Labour’s tax cuts are focused on families with children because their need is greater. Families with children need a higher after tax income.
National’s tax cuts give someone earning $100,000 nine times the tax cuts of someone earning $30,000. Is that fair?
During the 1990s the gap between the well-off and the poor grew markedly. Only the top 20 per cent of households went forward significantly. The rest went backwards or stayed where they were.
The number of children living in poverty grew during the 1990s. This was shameful.
In New Zealand, once known as “the land of plenty”, food banks were having to give food to thousands and thousands of families every week. This is another reason why tax cuts should benefit low and middle income families with children most. Labour’s do.
Despite the history of the 1990s, National’s tax cuts give most to those who are already better off. And to do this they have to increase government debt by borrowing billions of dollars. How can this be right?
Our tax cuts for families, and our other election pledges, have all been fully costed and can be paid for without increasing the government debt to GDP ratio.
I believe this is the most important issue of the election. It’s just crazy to increase government debt to fund tax cuts.
Ask yourself this simple question: when National borrows billions to fund its tax cuts, who will have to repay the money? You? Your children? Or the tooth fairy?
Just before I finish, I’m told I have to give myself a little plug. I have worked hard to represent your interests in Parliament. I have kept three offices busy; in Oamaru, and Alexandra, and in Queenstown. That’s more than your prior MP.
I’ve been effective in protecting local interests from being overrun by the national interests on the Waitaki River. I have helped the local hospital get funding from the DHB to enable them to pay nurses and midwives in Oamaru the same rate as they are paid in the city. I’ve helped sort out search and rescue coordination following the Time Out tragedy at sea off Kakanui.
You have to be on one select committee at Parliament: I’m on four and have the senior Labour Party role on two of those four. That tells you I am capable and a hard worker.
I bring a range of life experiences. I have been a lawyer with experience in every court in New Zealand. I have been a businessman. I have been a church group youth leader as well as a school trustee.
I have the range of skills needed to serve you, and I ask you to vote for me on Saturday.
Lastly, I will try to sum up your choice this weekend.
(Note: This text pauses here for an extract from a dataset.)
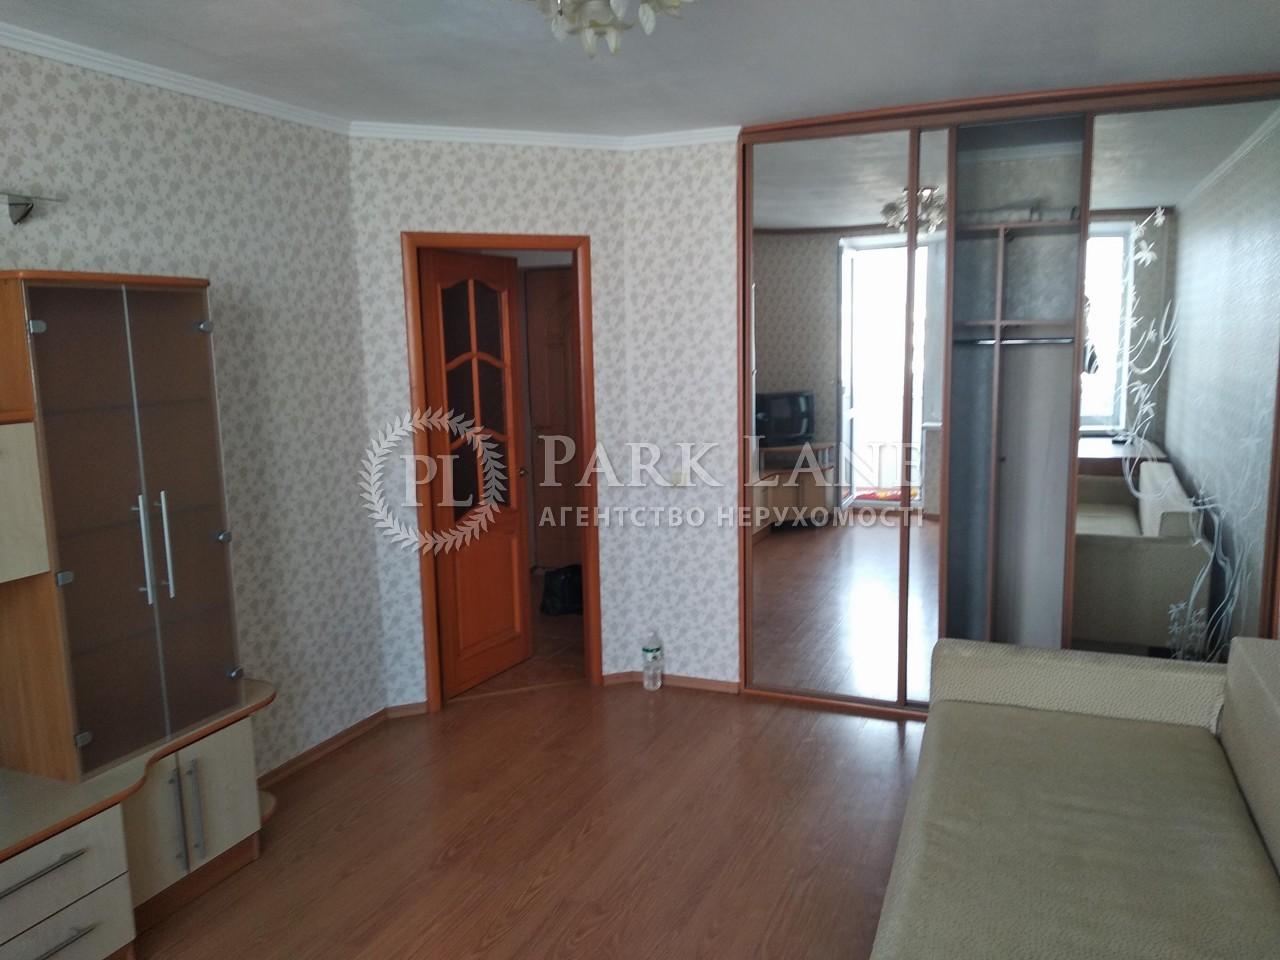 Квартира ул. Бакинская, 28, Киев, Z-316286 - Фото 6
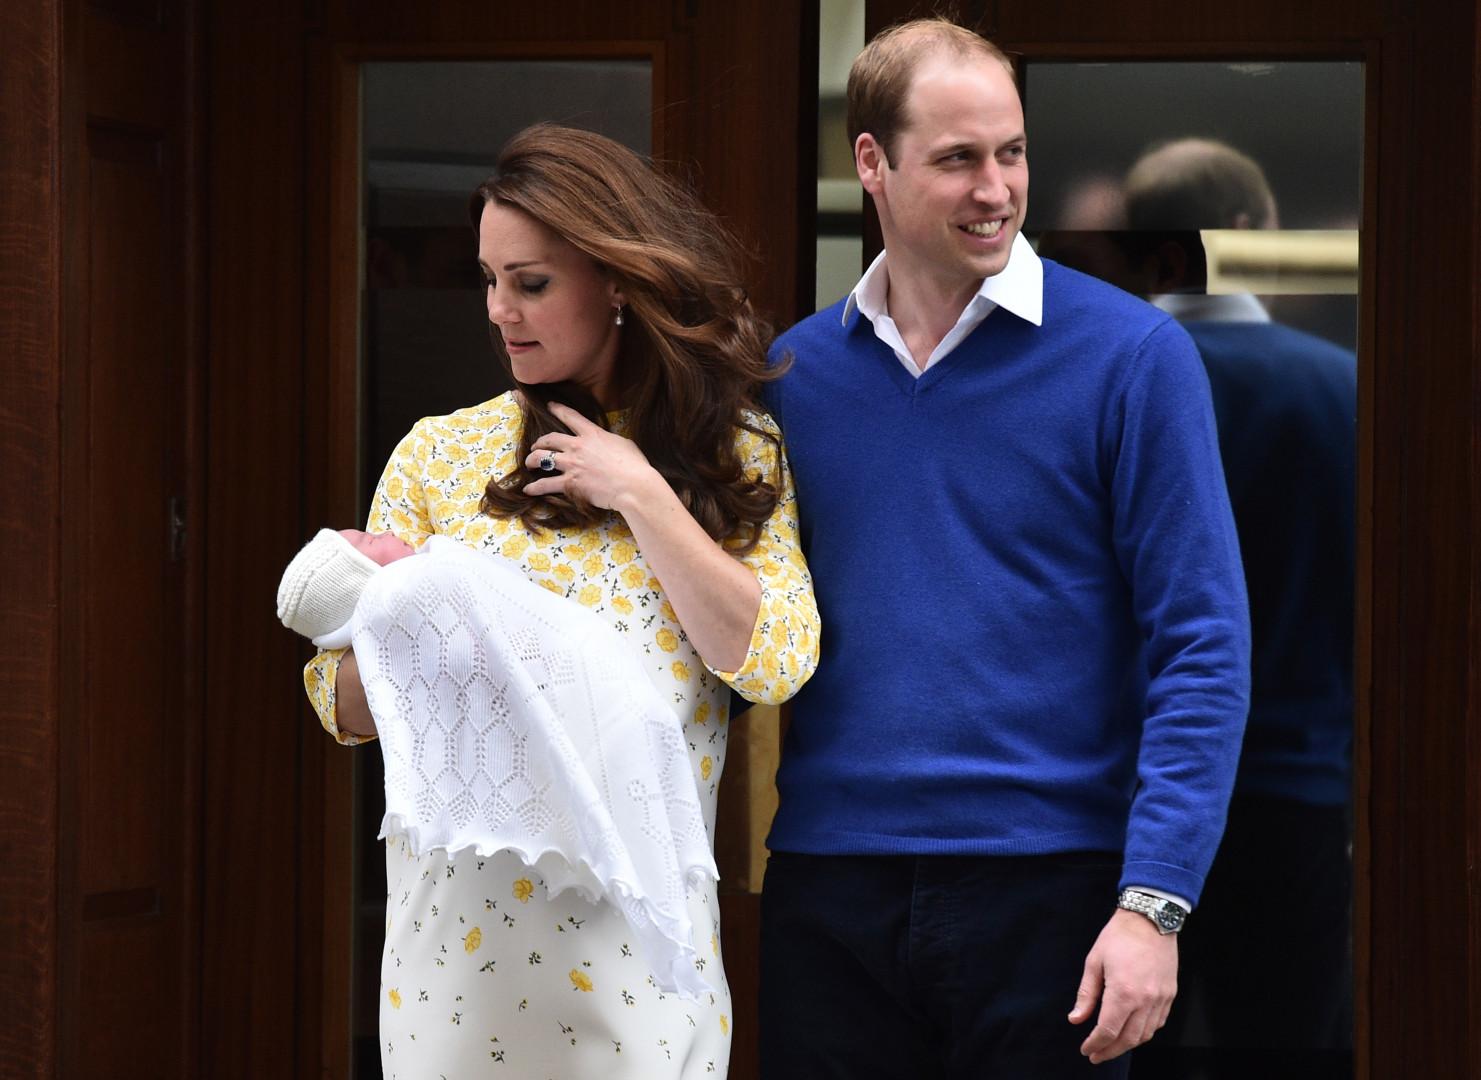 La princesse Charlotte présentée officiellement le 2 mai à la presse et au peuple

Do you want Helen Clark or Don Brash as your Prime Minister?
There’s a lot at stake this election. Don Brash has admitted that he wants to take New Zealand in a completely different direction.
Helen Clark has been in the public eye for two decades and under the microscope as Prime Minister for six years. Helen Clark is honest. She has kept her promises. Helen Clark does not promise the moon, but she delivers what she promises. You can trust her.
Helen Clark’s vision for this country is similar to my own. It is for a fair and prosperous nation, with opportunity for all. A nation of moderation where all New Zealanders go forward together.
The choice is yours. Keep New Zealand going forward together by voting Labour.